Они снова выходят на слепящее солнце, к своим гхари, которые отвезут их в Луксор, и только Том и Клаудия задерживаются в горячей тени, рядом с Рамзесом Вторым и преп. Джоном Фосетом из Эмершема, что в графстве Бакингем, 1859.
— Пора возвращаться в гостиницу, — говорит Том.
До поезда всего шесть часов.
— Мы, возможно, никогда сюда не вернемся, — говорит Клаудия, глядя вверх. — Подумай о преподобном Джоне Фосете, который когда-то ковылял там, над нашими головами.
— К черту преподобного Джона Фосета. Пора идти.
— Я люблю тебя, — отзывается Клаудия, не двигаясь.
— Я знаю. Пора возвращаться в гостиницу.
— В среду утром ты снова окажешься в пустыне.

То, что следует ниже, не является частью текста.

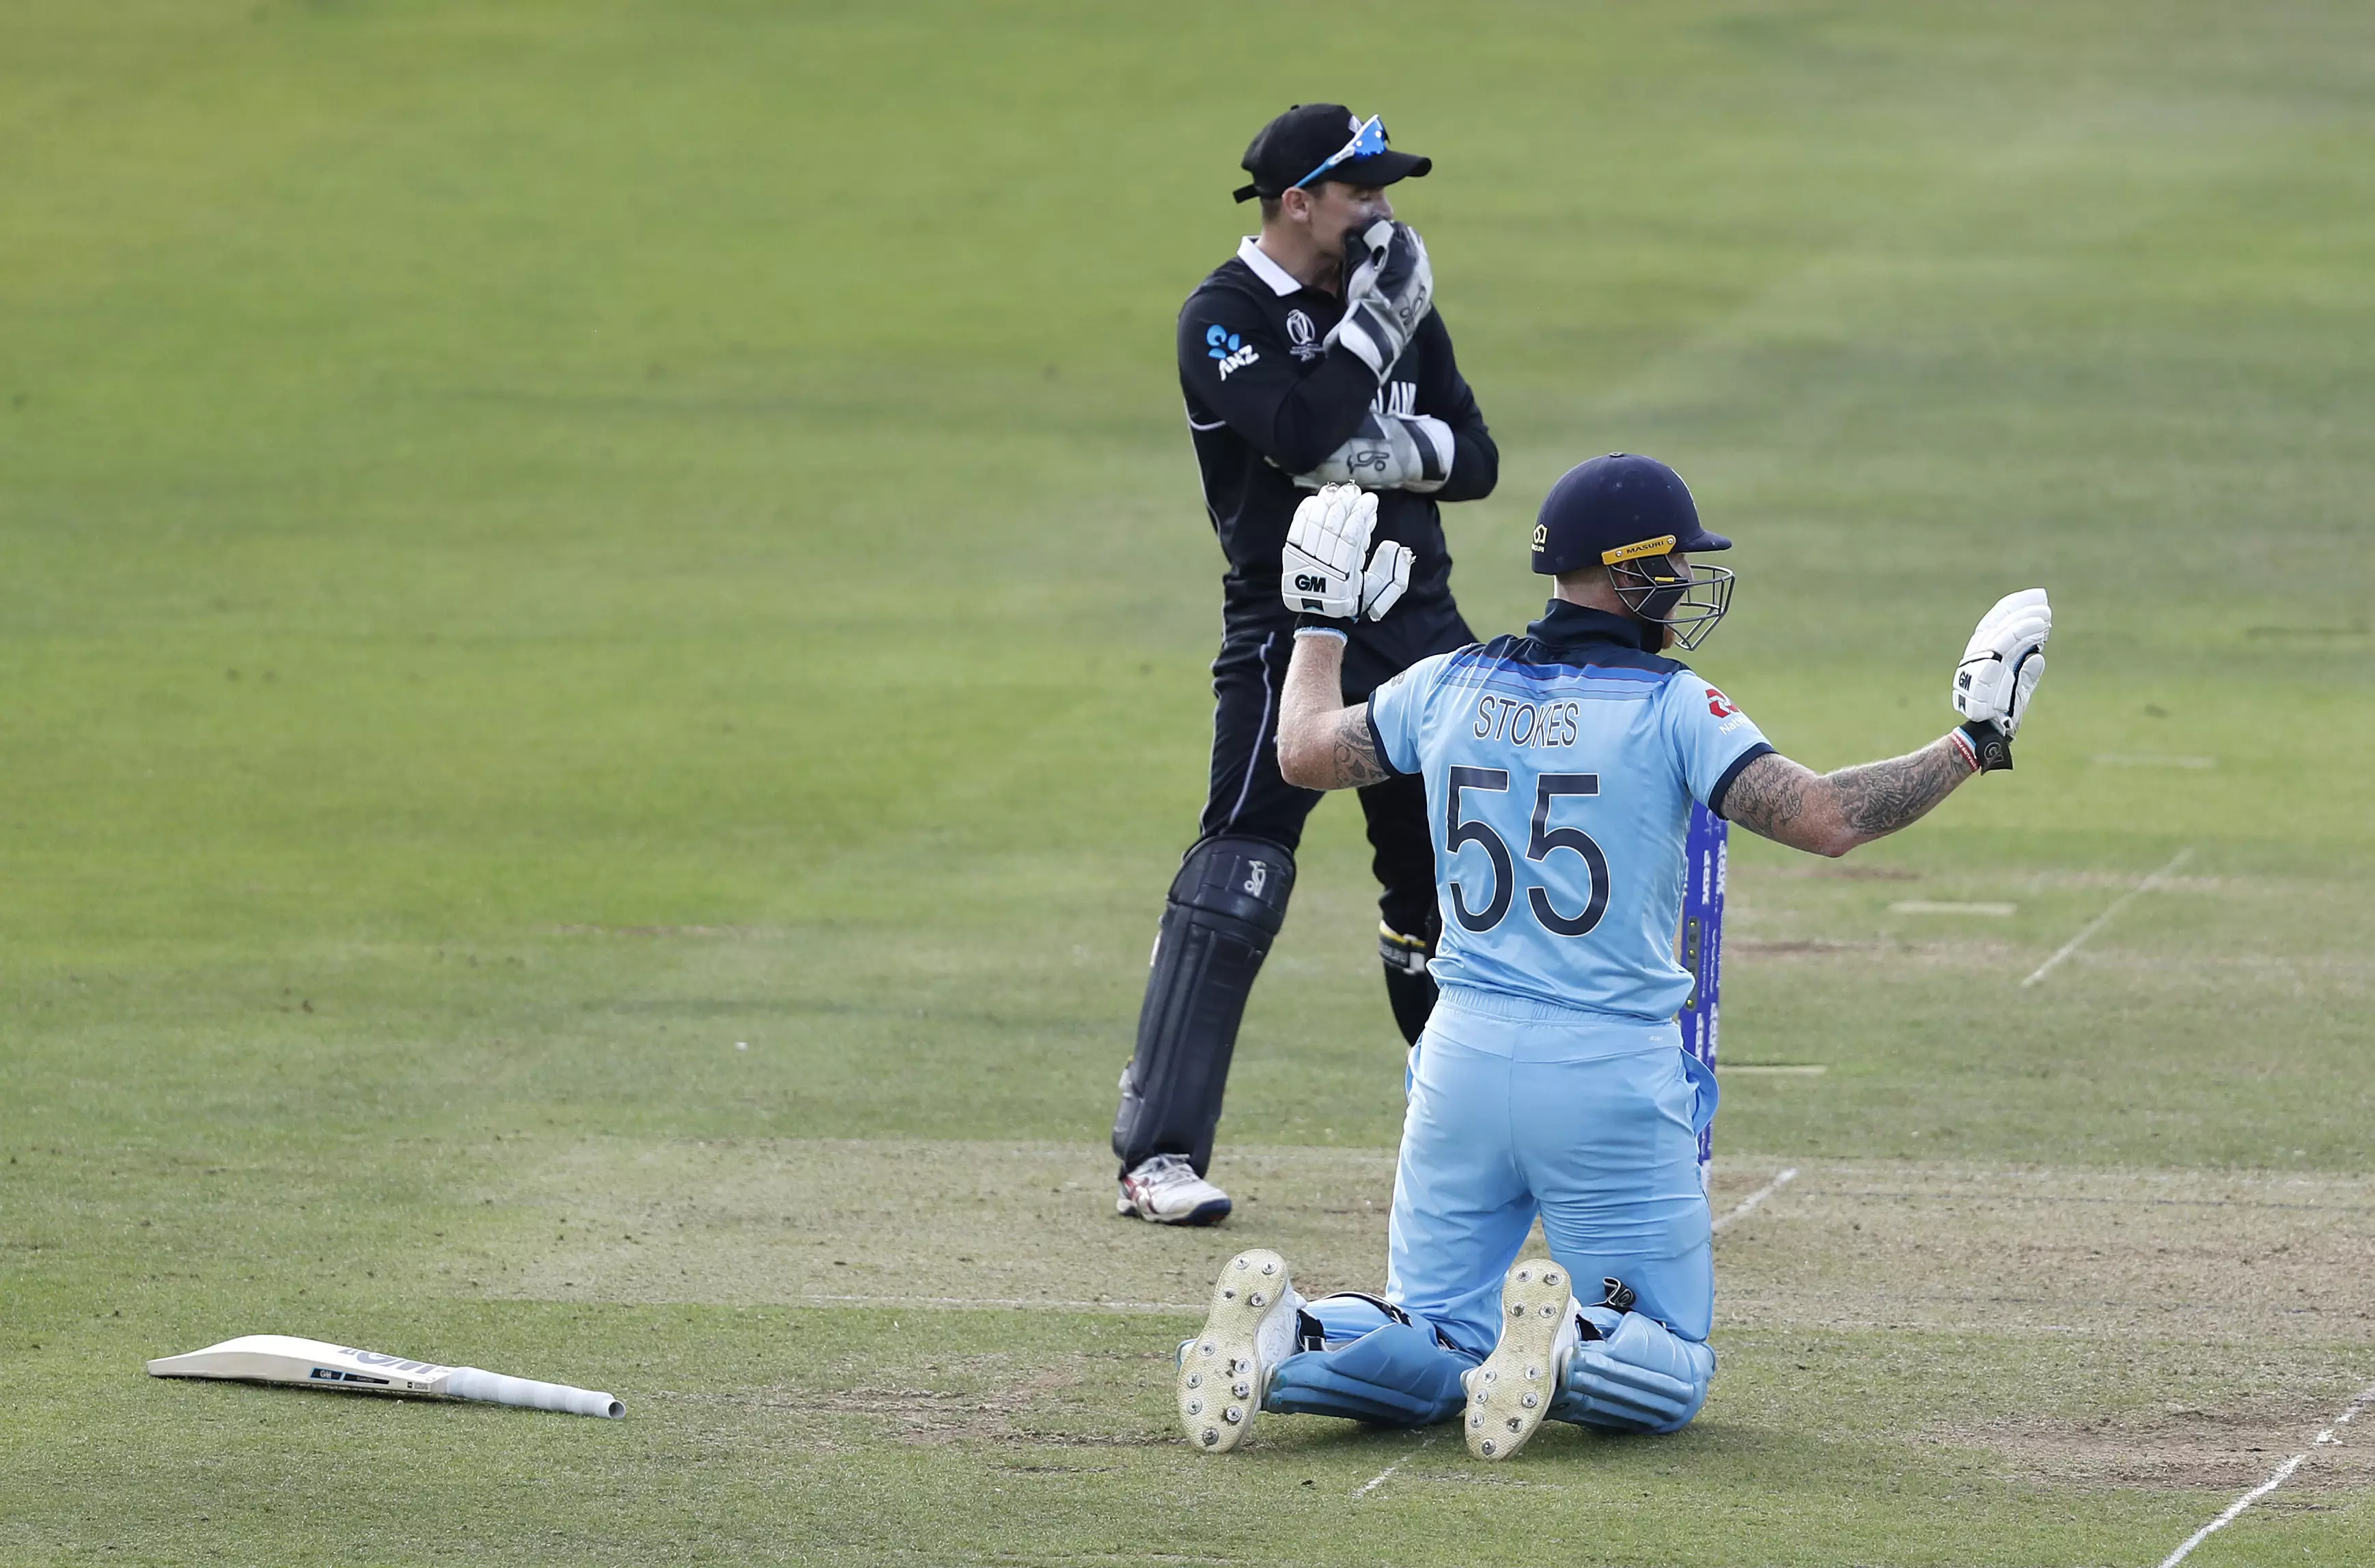 Stokes apologises following his fortunate six. Image: PA Images

— Тебе незачем об этом думать.
— Я должна об этом думать. Если хочу сберечь.
Потому что бывают минуты — здесь и сейчас, — когда она чувствует, что ничем не связана, не принадлежит ни прошлому, ни будущему, ни обжитому человеком пространству, а плывет где-то в космосе. По ночам она смотрит на обжигающие трепетные звезды, которые никак не могут быть теми же, что мерцают в английском небе, и испытывает ощущение бесконечности, далекое от покоя, — оно как сильнейшая лихорадка, психологический аналог малярии, брюшного тифа, дизентерии и разлития желчи, которым в той или иной мере подвержены все и вся на этом континенте.

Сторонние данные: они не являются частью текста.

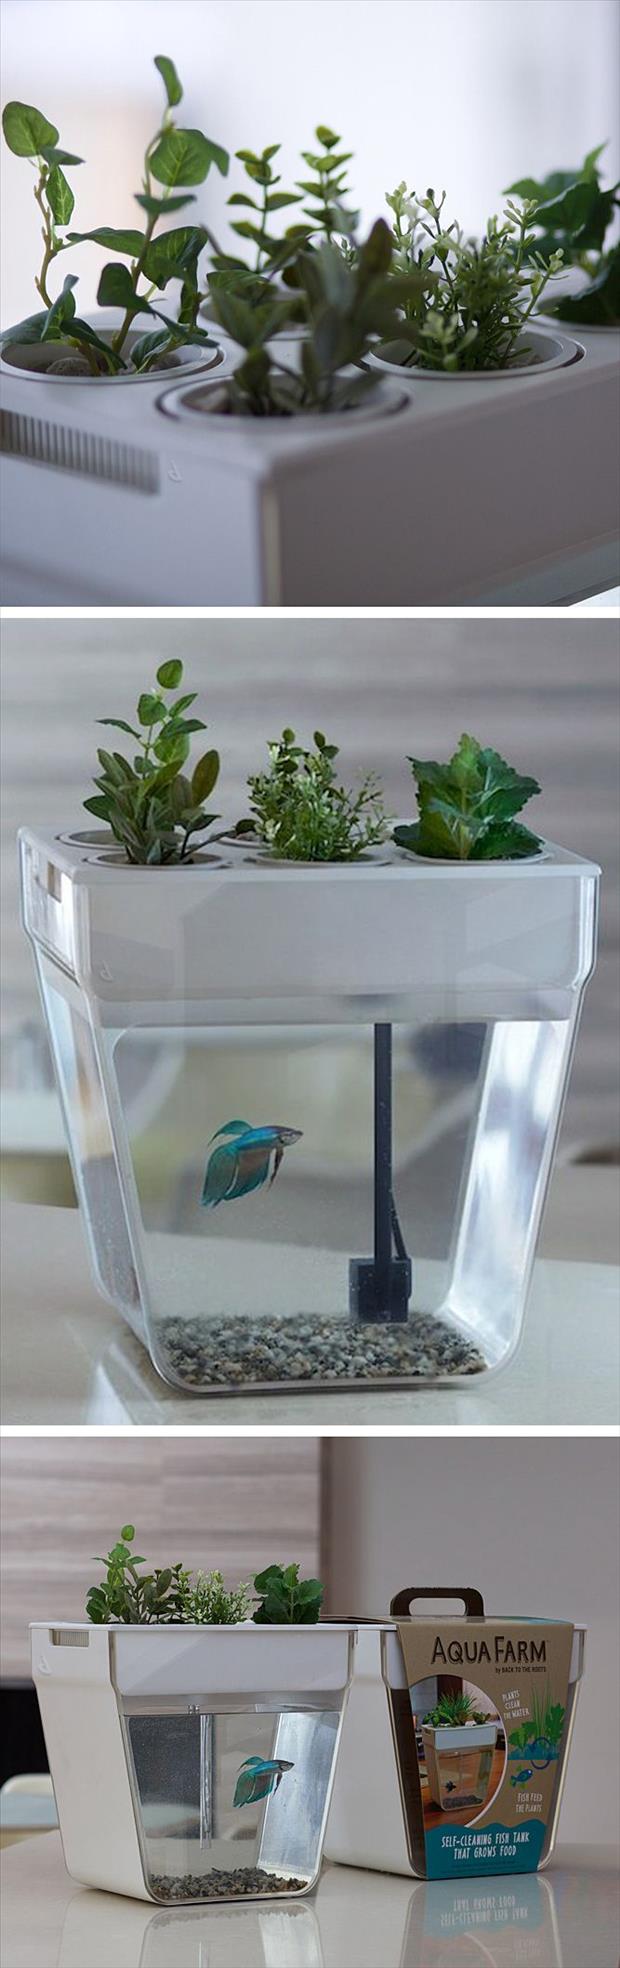 Top 40 DIY Projects Gadgets And Ideas For Your Home-homesthetics.net (49)

Мы жили одним днем. Это банальность, но в ней — правда. Мы старались не вспоминать о смерти, прятались за эвфемизмами, нарочитой беззаботностью и недомолвками, словно речь шла о спортивном состязании. Женщины, чьи мужья погибли во время последней атаки, через несколько недель появлялись у бассейна в клубе Гезиры, ужасно отважные и до неприличия веселые. Танцы. Выпивка. Люди входили в мою жизнь и покидали ее, люди, которых я с тех пор никогда не видела, которых я знала лично: мои закадычные друзья из пресс-корпуса, солдаты, приехавшие из пустыни в увольнительную, служащие посольства, серые кардиналы из штаба армии и робинзоны Каира — европейцы, живущие здесь много лет, банкиры, предприниматели, с помощью Британского совета и английского языка приторговывающие культурой в школах и университетах города. Калифы на час — удалые бригадиры, полковники и майоры Восьмой армии, — словно средневековые бароны, делили время между полем битвы и сибаритскими утехами Каира. Они вылезали из танков, чтобы сыграть в поло или пострелять по тарелочкам в Файюме. Я знала одного усатого полковника, который держал конюшню с десятком пони для поло, двоих грумовегиптян и немногословного гусара, доставившего в Гелиополис свору гончих, чтобы охотиться на шакалов. Сам военный быт помог оформиться этой аналогии: осада, палаточный лагерь, набеги, перестрелки, приливы и отливы, словно сама пустыня отдавала приказы «вольно» и «смирно». Укреплялся миф о военном гении Роммеля, словно это новый Саладдин[73] — хитрый, но воспитанный в джентльменских понятиях враг, беспощадный, но по природе настоящий рыцарь. Я сама написала статью о крестоносцах нашего времени и отправила ее в лондонский еженедельник левого толка — чтобы получить едкую отповедь от редактора, не усмотревшего аналогии между мобилизацией британского рабочего класса и феодальным рекрутским набором. Что же, у него, конечно, были на то основания, нужно было быть законченным педантом и упрямцем, чтобы не услышать в этой войне эхо былого пришествия европейцев в пустыню, когда масса людей и оружия оказалась вброшенной в непонятный чуждый мир. Шутки ради я послала статейку Гордону, и спустя несколько месяцев меня настиг его ответ: «Узнаю твой обычный романтизм». Я даже не обратила на него внимания — в ту пору меня уж занимало другое.